--- START ---

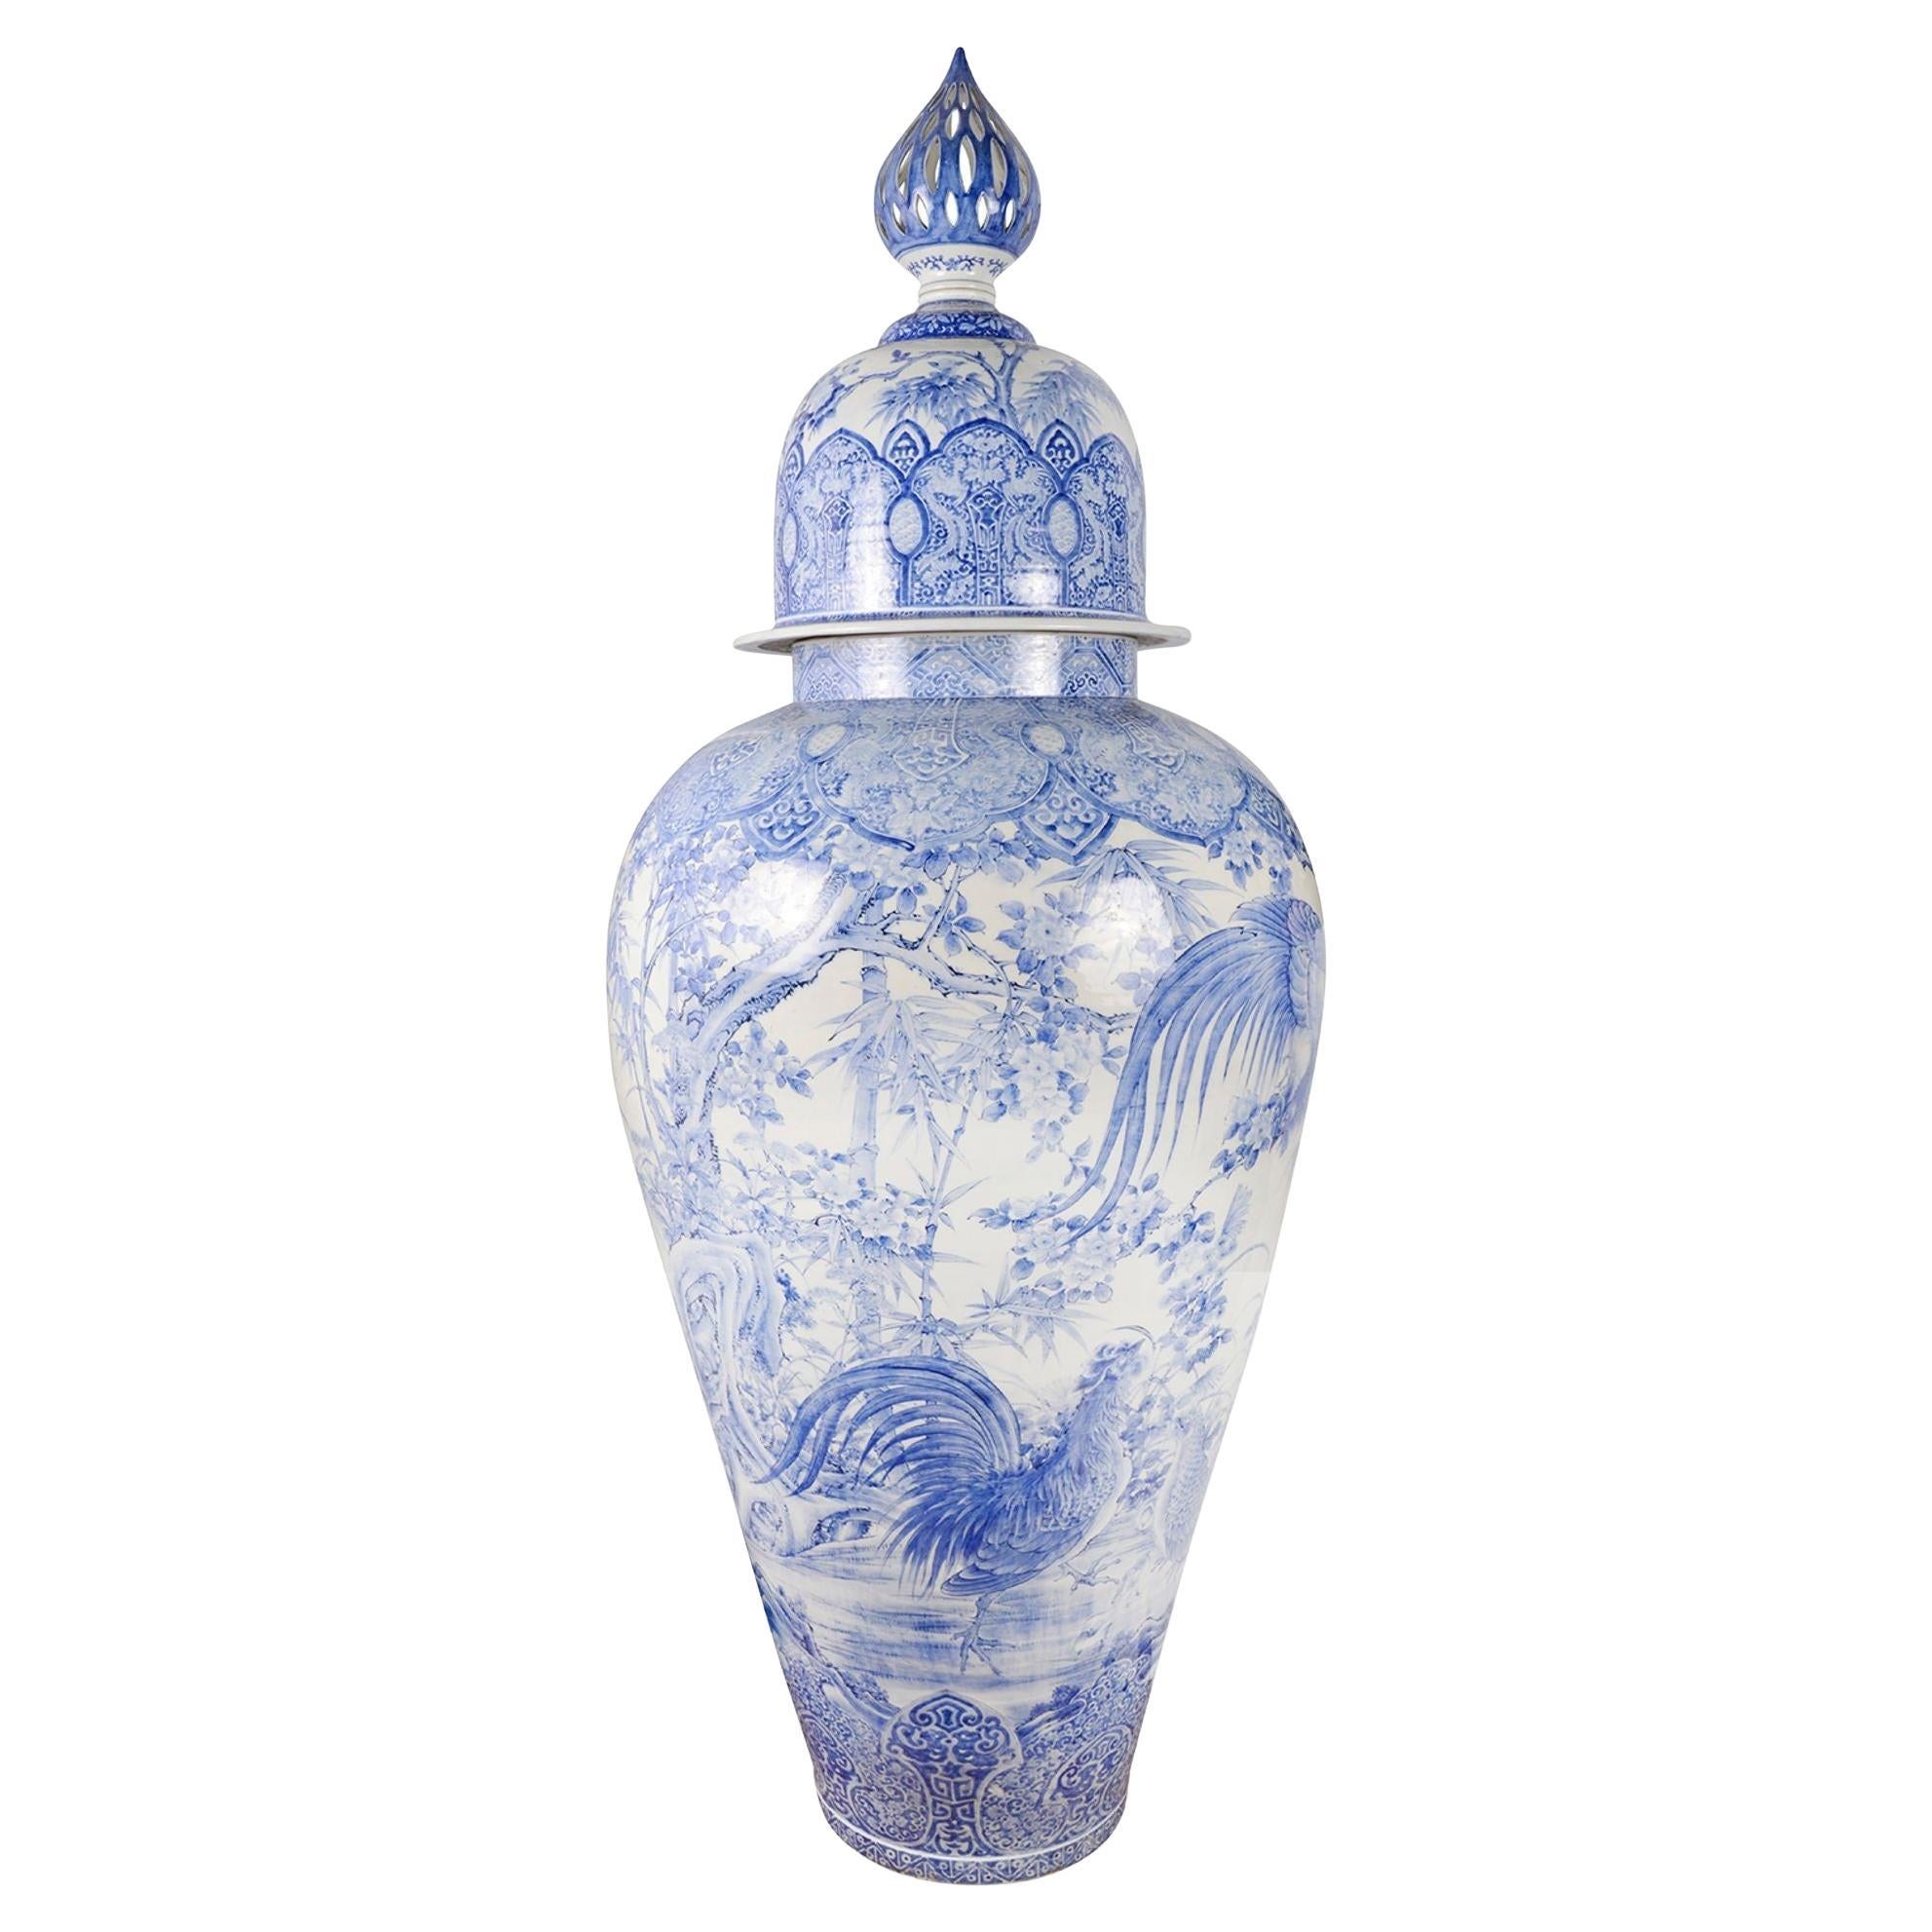 Monumental 19th Century Japanese Blue and White Lidded Palace Vase
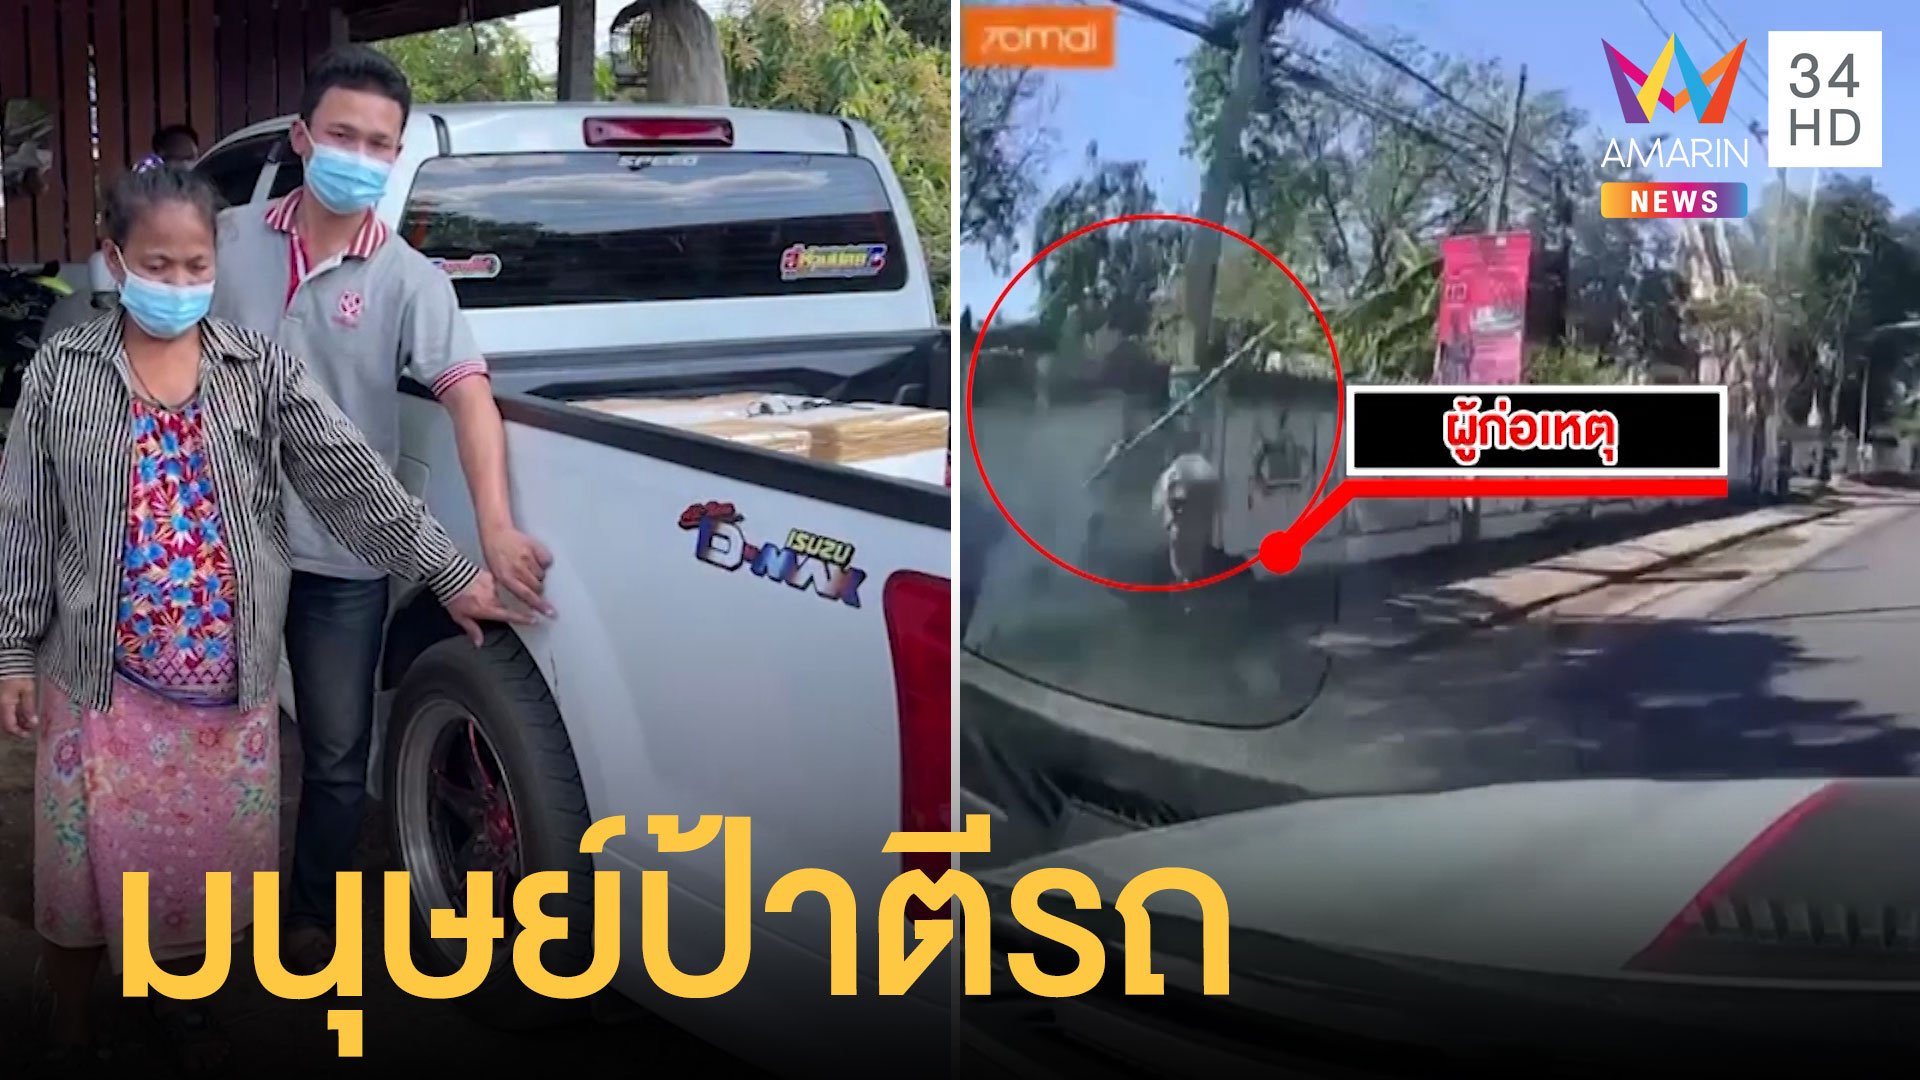 หนุ่มขับกระบะเจอมนุษย์ป้าใช้ไม้ตีรถเป็นรอย | ข่าวเที่ยงอมรินทร์ | 21 ม.ค. 65 | AMARIN TVHD34
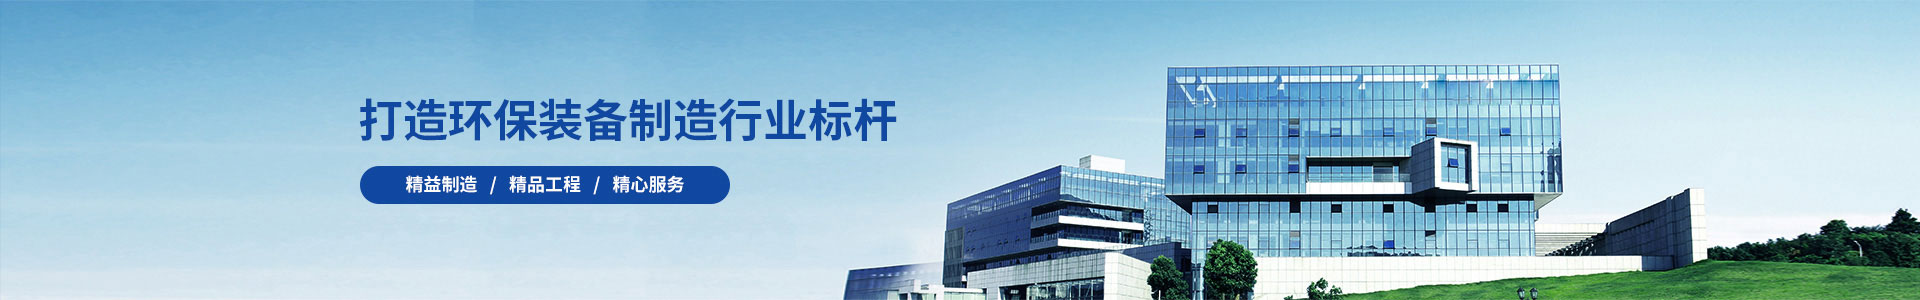 产品中心标题四-土壤修复成套-广州锦如广告有限公司

--- END ---

# Your goal
The expected output is exactly the lines from the one containing "หนุ่มขับกระบะเจอมนุษย์ป้าใช้ไม้ตีรถเป็นรอย | ข่าวเที่ยงอมรินทร์" through the last line of the listing, both included, with every picture left out.

# Written solution
 หนุ่มขับกระบะเจอมนุษย์ป้าใช้ไม้ตีรถเป็นรอย | ข่าวเที่ยงอมรินทร์ | 21 ม.ค. 65 | AMARIN TVHD34
 产品中心标题四-土壤修复成套-广州锦如广告有限公司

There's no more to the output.